‘Significant amount’ of water found on moon
NASA's LCROSS probe discovered beds of water ice at the lunar south pole
NASA's LCROSS probe discovered beds of water ice at the lunar south pole when it impacted the moon last month, mission scientists announced Friday.
"Indeed, yes, we found water. And we didn't find just a little bit, we found a significant amount," Anthony Colaprete, LCROSS project scientist and principal investigator from NASA's Ames Research Center at Moffett Field, Calif.
The LCROSS probe impacted the lunar south pole at a crater called Cabeus on Oct. 9. The $79 million spacecraft, preceded by its Centaur rocket stage, hit the lunar surface in an effort to create a debris plume that could be analyzed by scientists for signs of water ice.
Scientists have long suspected that permanently shadowed craters at the south pole of the moon could be cold enough to sustain water frozen at the surface. Water has already been detected on the moon by a NASA-built instrument on board India's now defunct Chandrayaan-1 probe and other spacecraft, though it was in very small amounts and bound to the dirt and dust of the lunar surface.
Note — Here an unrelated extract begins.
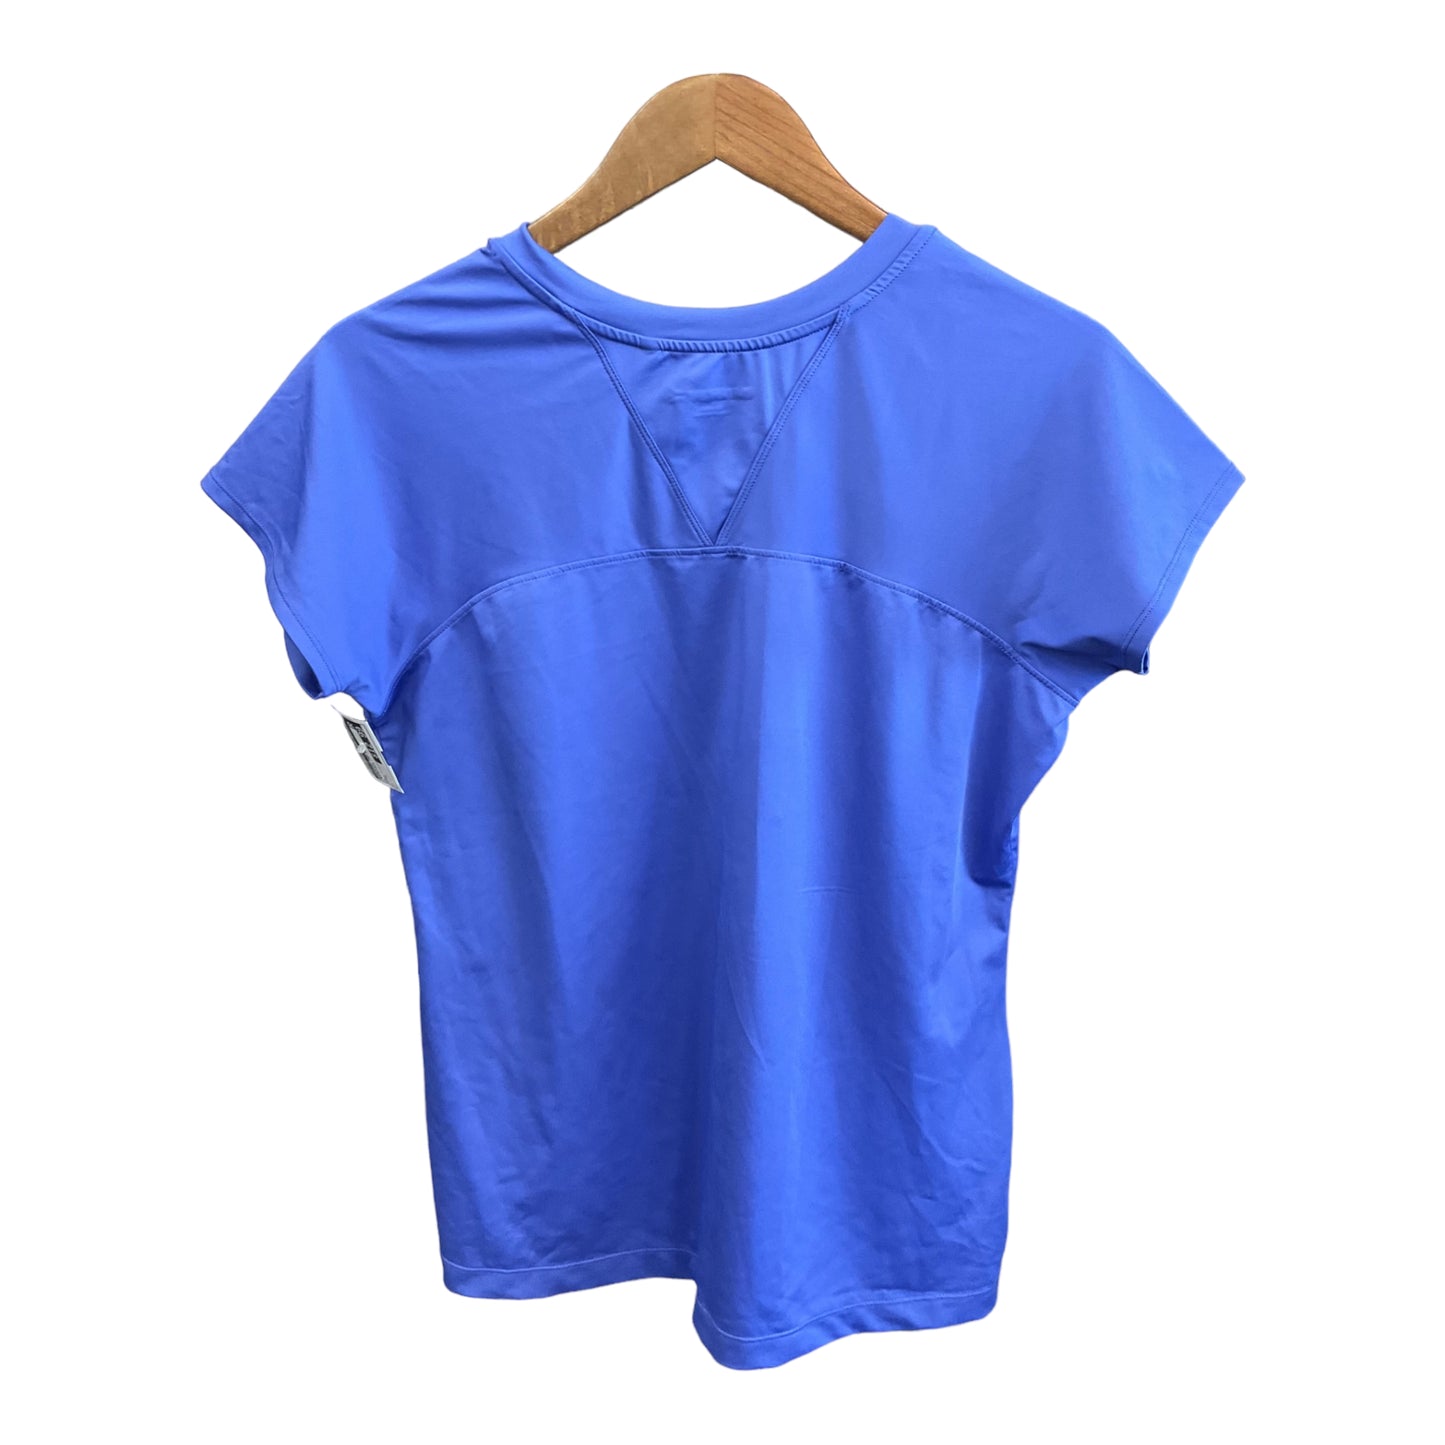 Athletic Top Short Sleeve By Danskin  Size: L

NASA plans to return astronauts to the moon by 2020 for extended missions on the lunar surface. Finding usable amounts of ice on the moon would be a boon for that effort since it could be a vital local resource to support a lunar base.
The impact was observed by LCROSS's sister spacecraft, the Lunar Reconnaissance Orbiter, as well as other space and ground-based telescopes.
The debris plume from the impacts was not seen right away and was only revealed a week after the impact, when mission scientists had had time to comb through the probe's data.
NASA launched LCROSS — short for Lunar Crater Observation and Sensing Satellite — and LRO in June.